*What is expected*: Please give every line below again exactly, but not its pictures.

*Available data*:

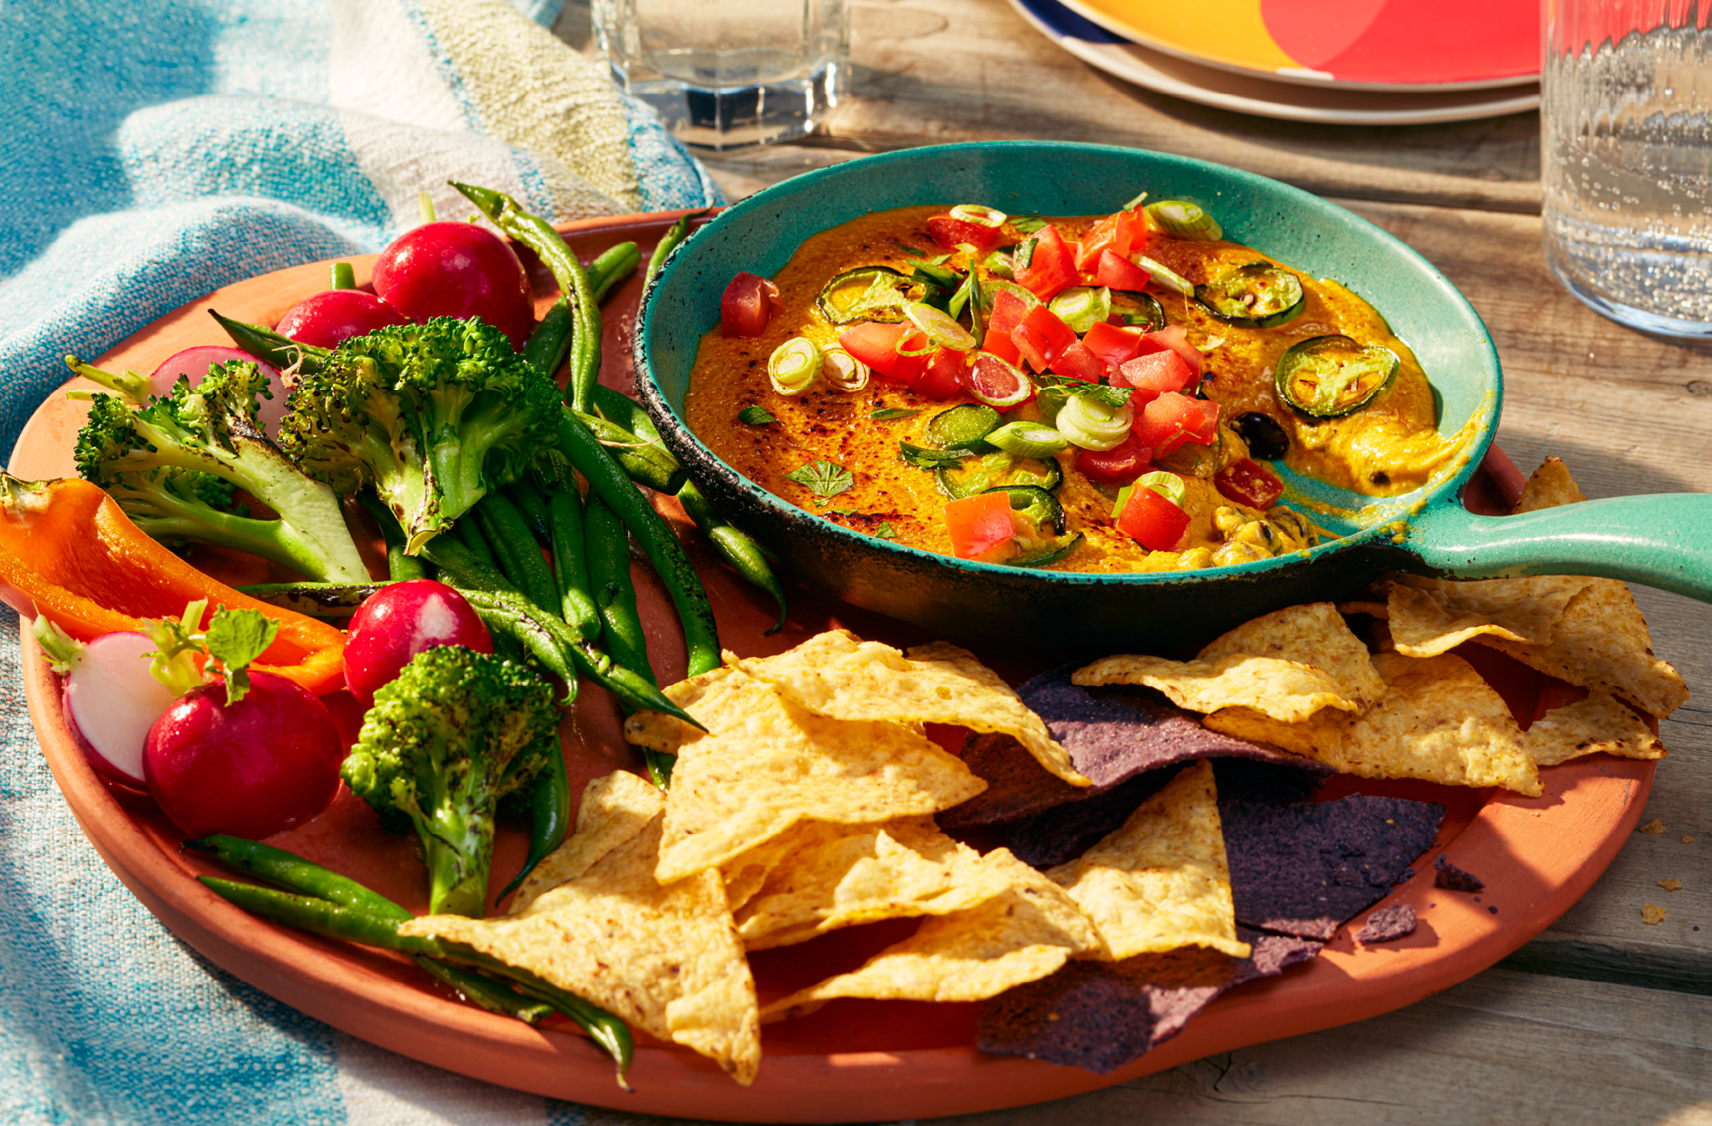 A serving tray filled with veggies, broccoli, tomatoes, sliced peppers and a side bowl filled with a Vegan Southwest Queso-Style Dip
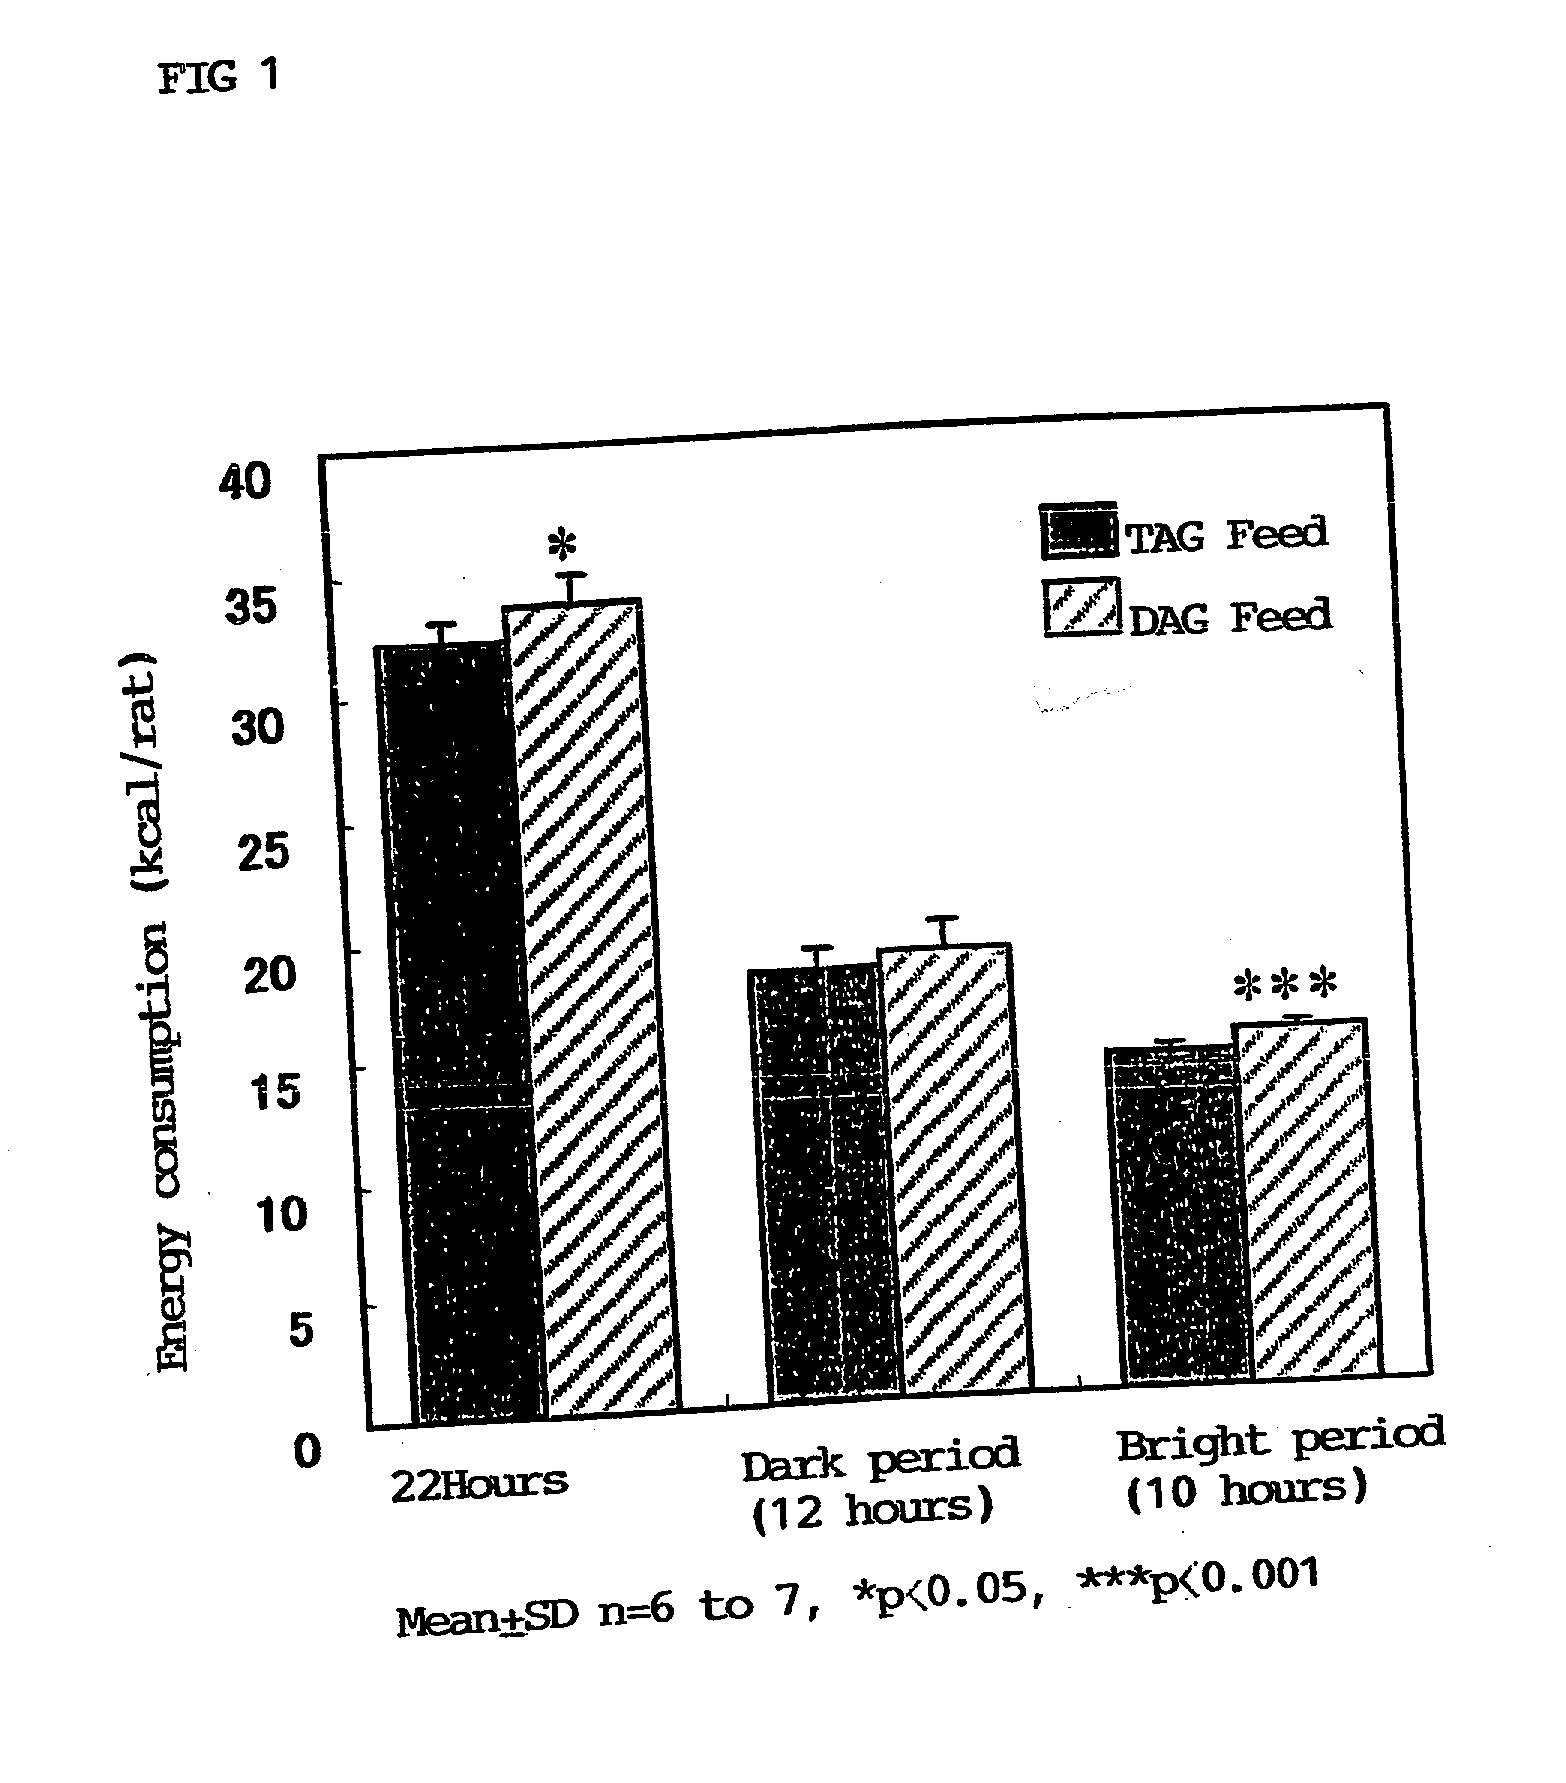 Method for activating the lipid catabolic metabolism in enteric epithelium and improving the lipid metabolism in enteric epithelium
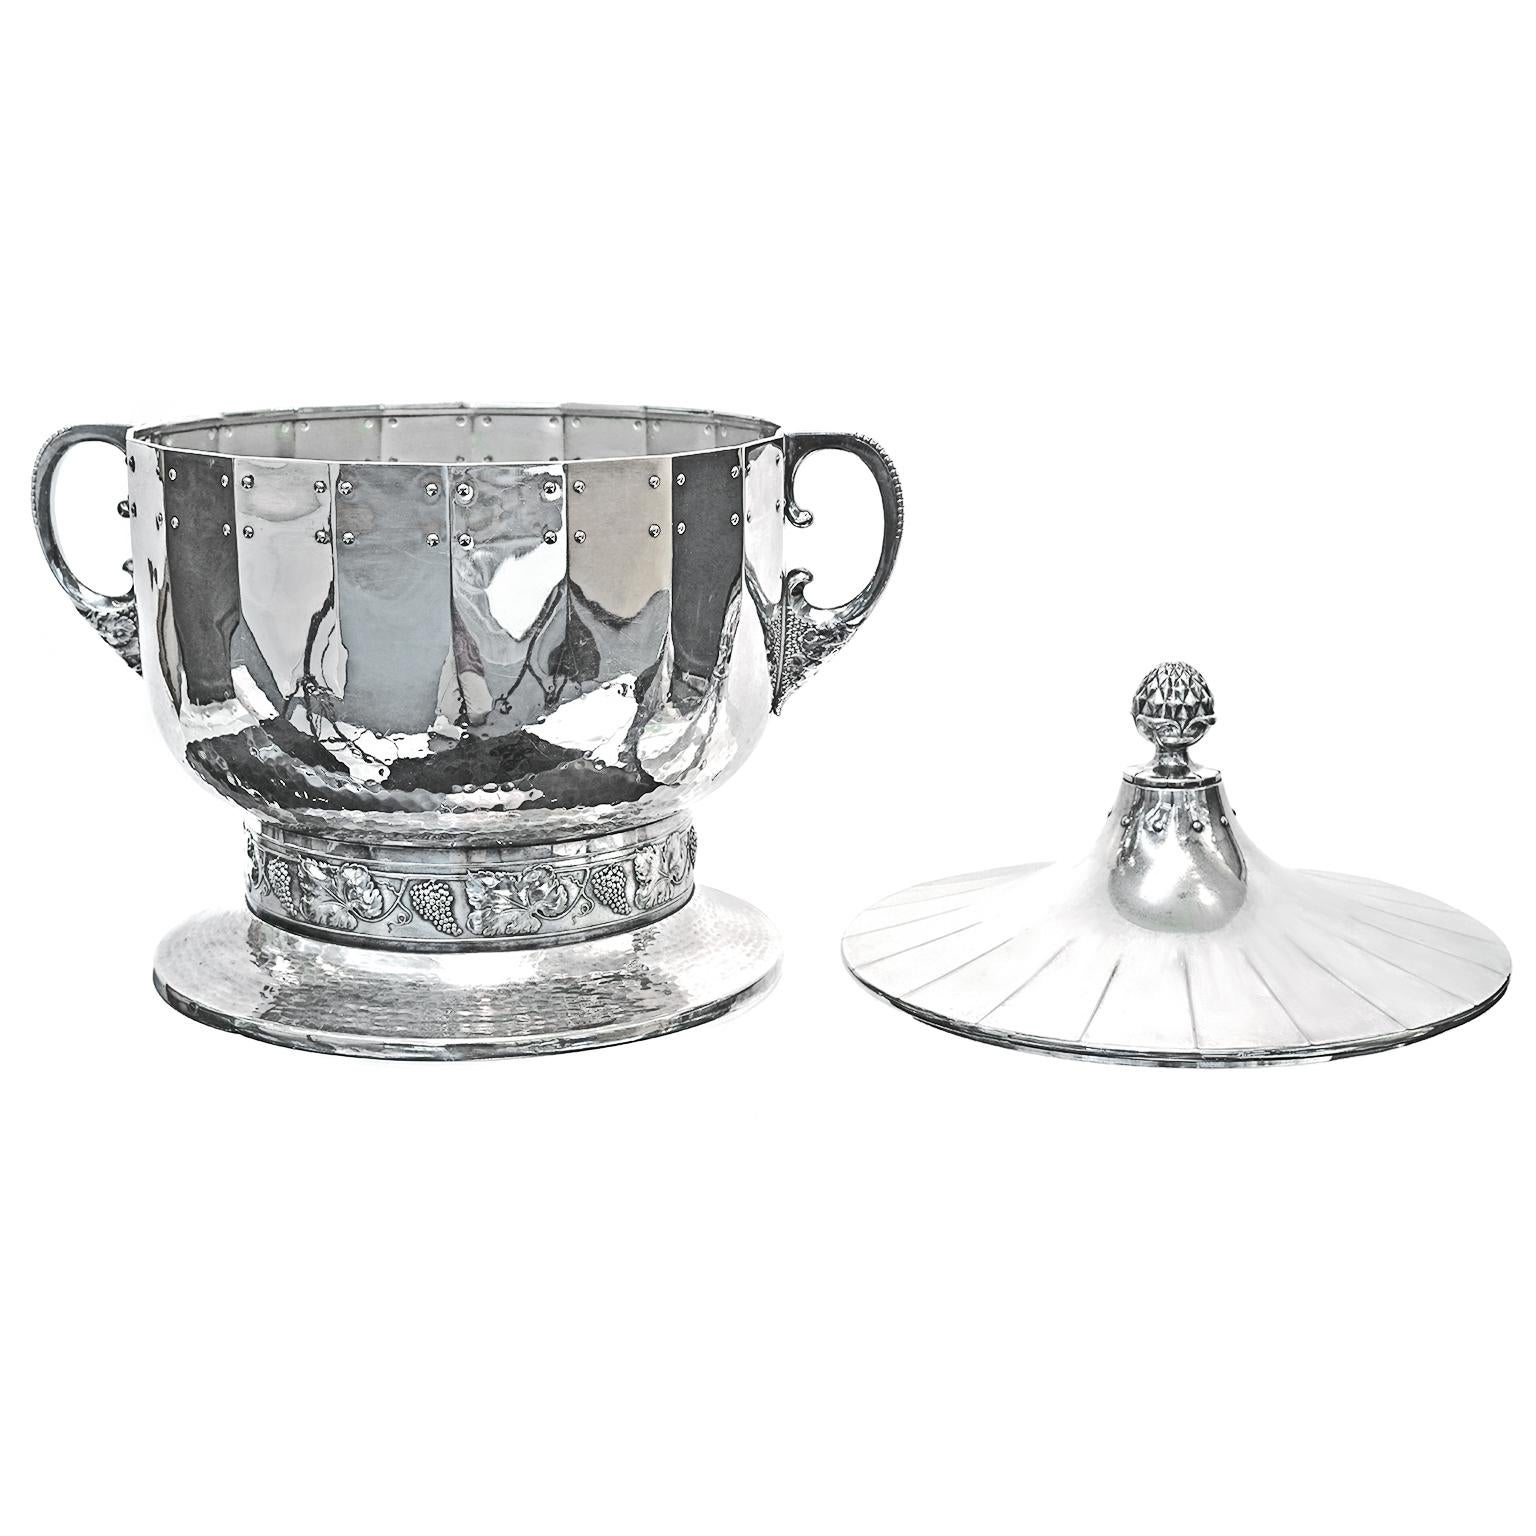 German Monumental Silver Plate Centerpiece by WMF

*Exercise response*:
 A serving tray filled with veggies, broccoli, tomatoes, sliced peppers and a side bowl filled with a Vegan Southwest Queso-Style Dip
 Method for activating the lipid catabolic metabolism in enteric epithelium and improving the lipid metabolism in enteric epithelium
 German Monumental Silver Plate Centerpiece by WMF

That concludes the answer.